File metadata and controls

307 lines (235 loc) · 8.95 KB

Migration Guide

This document provides step-by-step instructions for migrating between different AutoMem configurations.

Heads up for existing deployments: The default embedding dimension is now 1024d (voyage-4) for new installs. If your Qdrant collection uses a different dimension (e.g. 3072d from text-embedding-3-large or 768d from text-embedding-3-small), no action is neededVECTOR_SIZE_AUTODETECT=true (the default) automatically adopts your existing collection dimension on startup. To explicitly pin your dimension, set VECTOR_SIZE=<your-dimension> in your .env.

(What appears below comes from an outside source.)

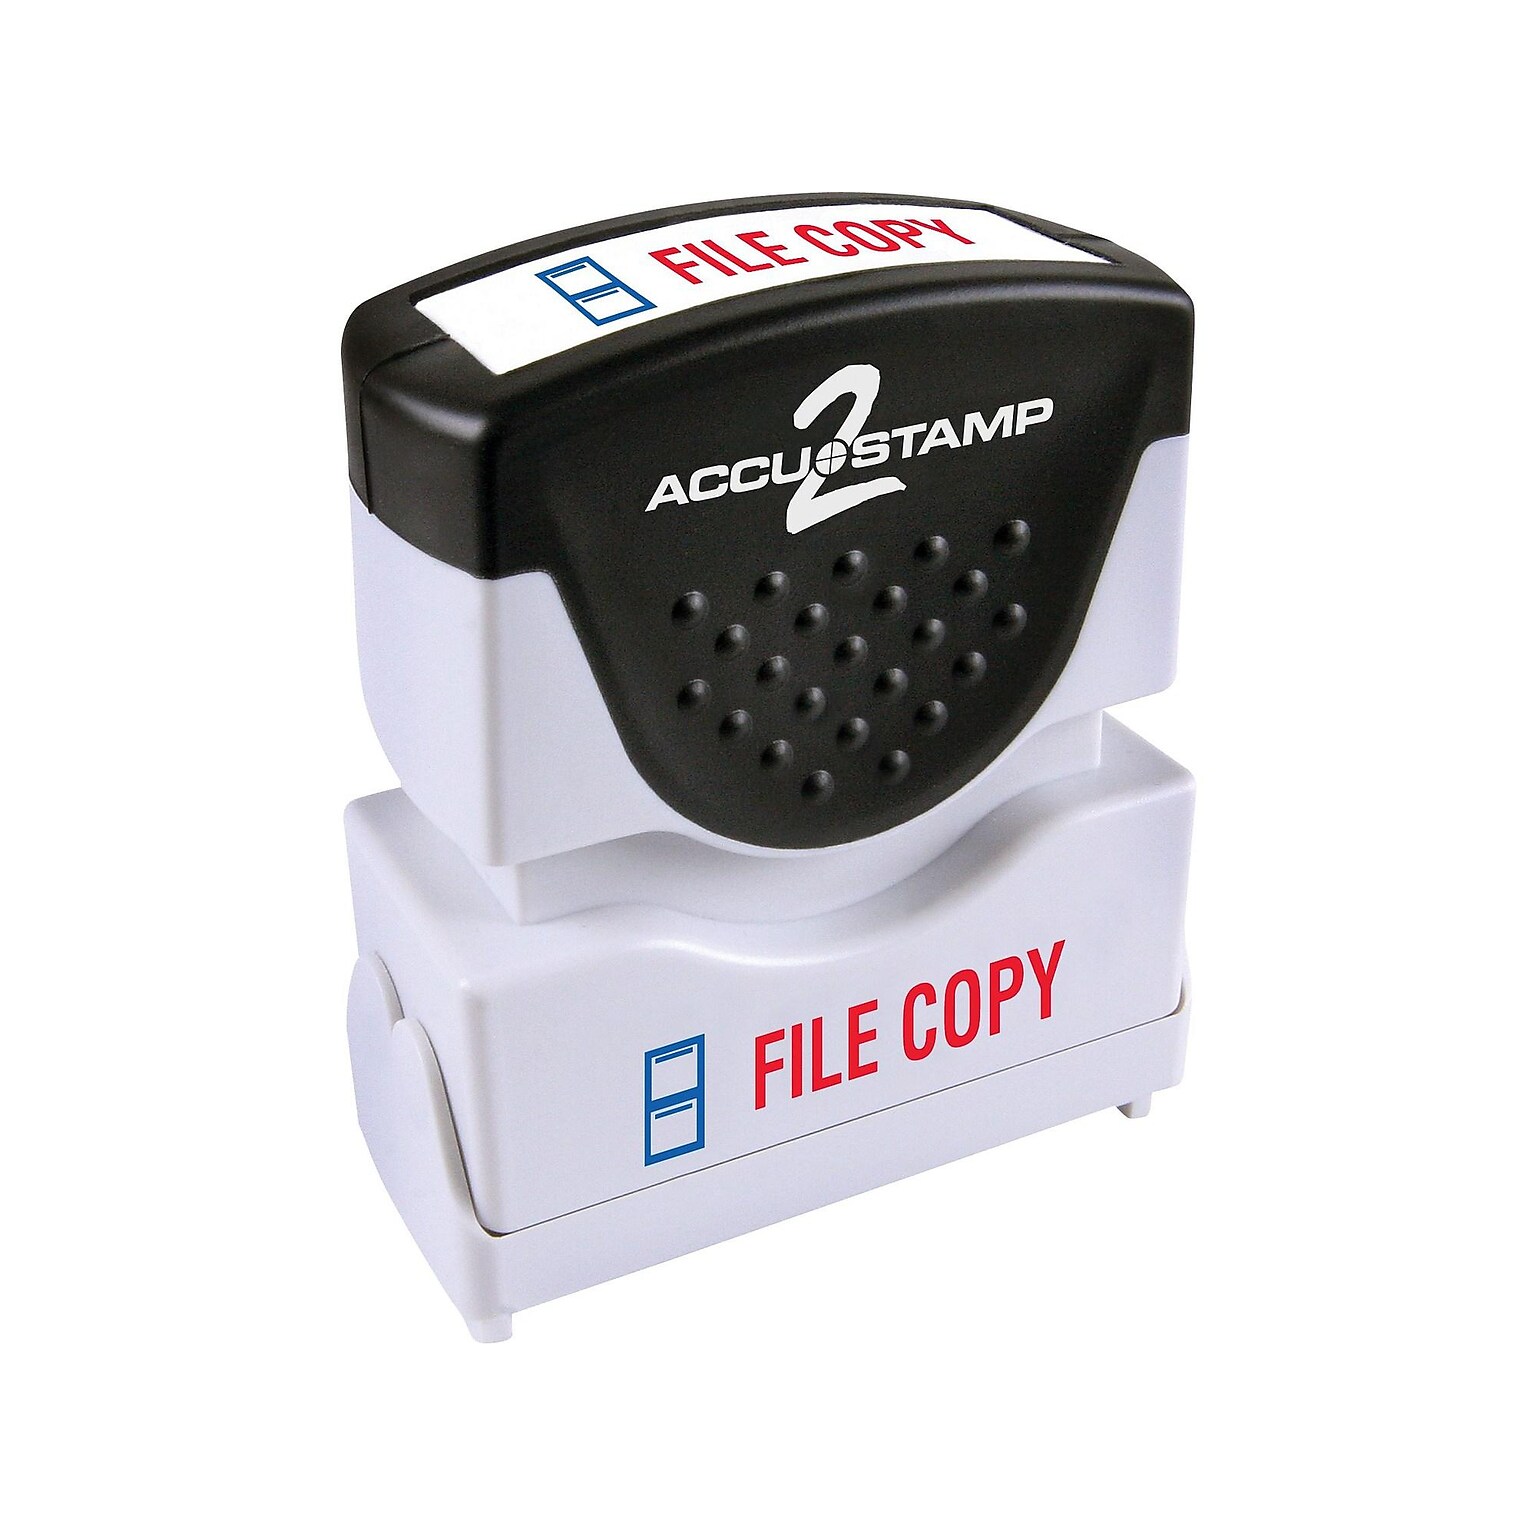 Accu-Stamp 2 Pre-Inked Stamp, FILE COPY, Blue and Red Inks (035524)
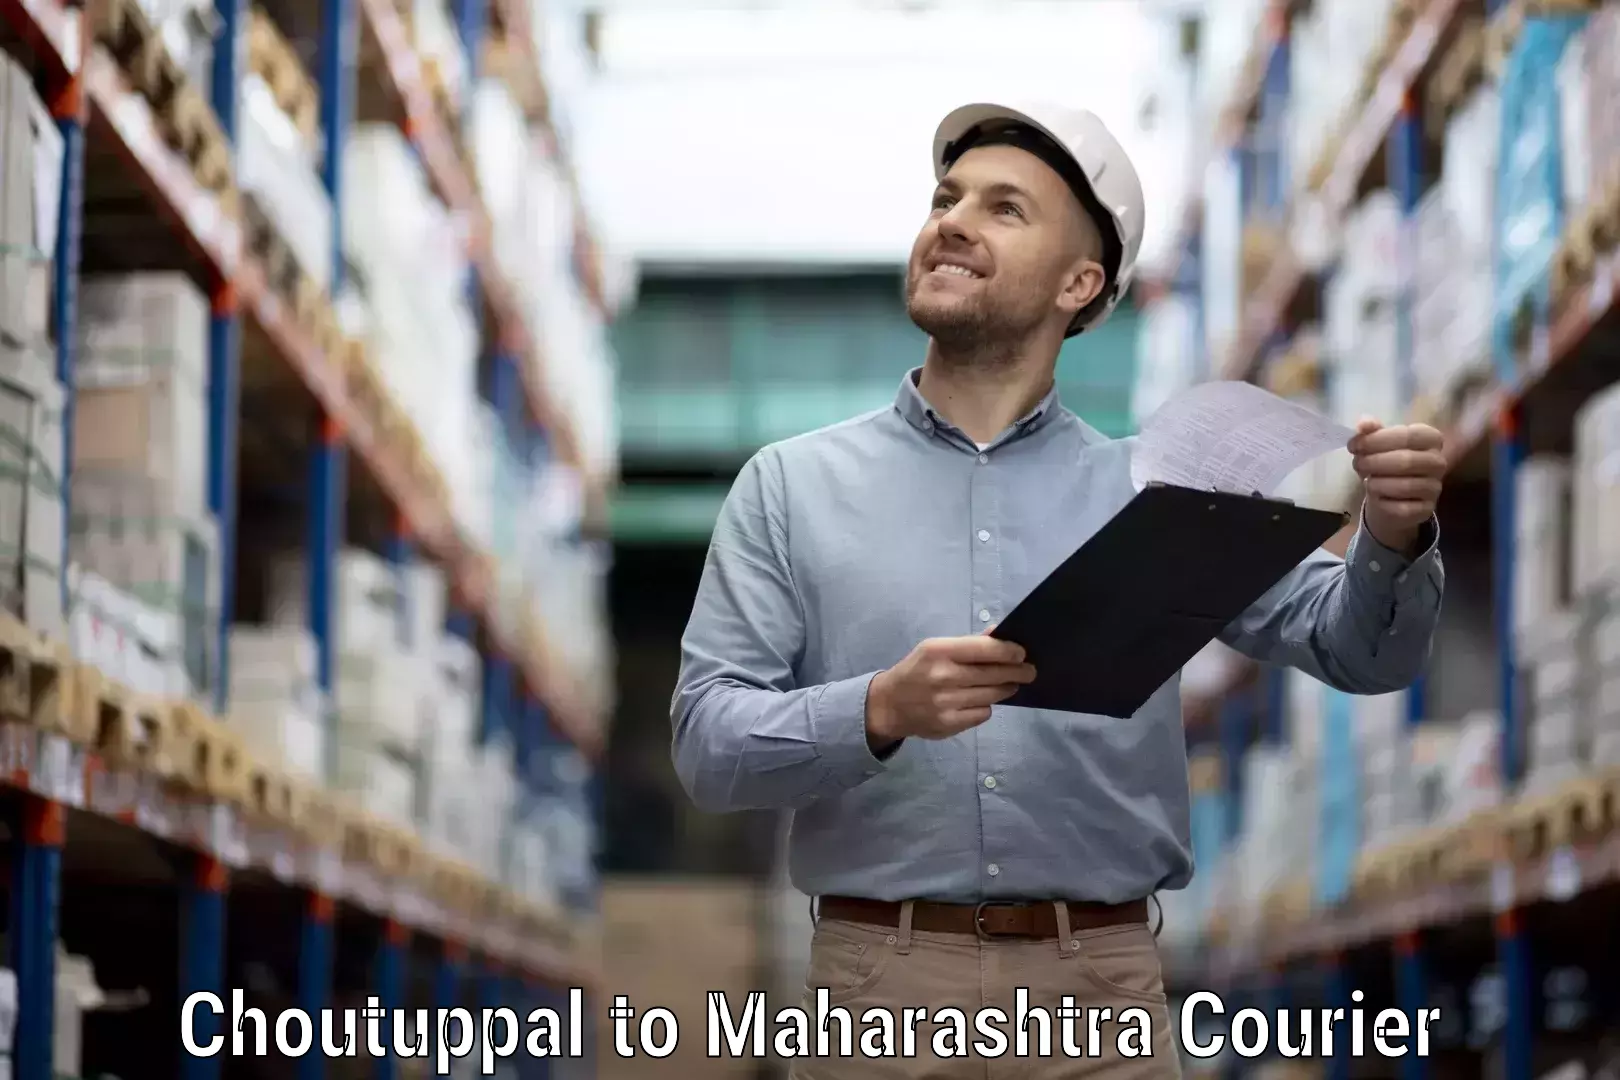 Subscription-based courier Choutuppal to Nagpur

To enforce strict matching (fail on mismatch), set VECTOR_SIZE_AUTODETECT=false.

Table of Contents


Migrating to 1024d (voyage-4 default)

When to migrate: If you're switching from OpenAI embeddings to Voyage AI (the new recommended default).

Steps

  1. Backup your data: python scripts/backup_automem.py
  2. Set environment variables:
    EMBEDDING_PROVIDER=voyage    # or auto (will prefer Voyage if VOYAGE_API_KEY is set)
    VOYAGE_API_KEY=pa-...
    VECTOR_SIZE=1024
  3. Delete and recreate the Qdrant collection:
    curl -X DELETE http://localhost:6333/collections/memories
  4. Re-embed all memories:
    python scripts/reembed_embeddings.py
  5. Verify: Check that /health shows vector_size: 1024 and recall returns results.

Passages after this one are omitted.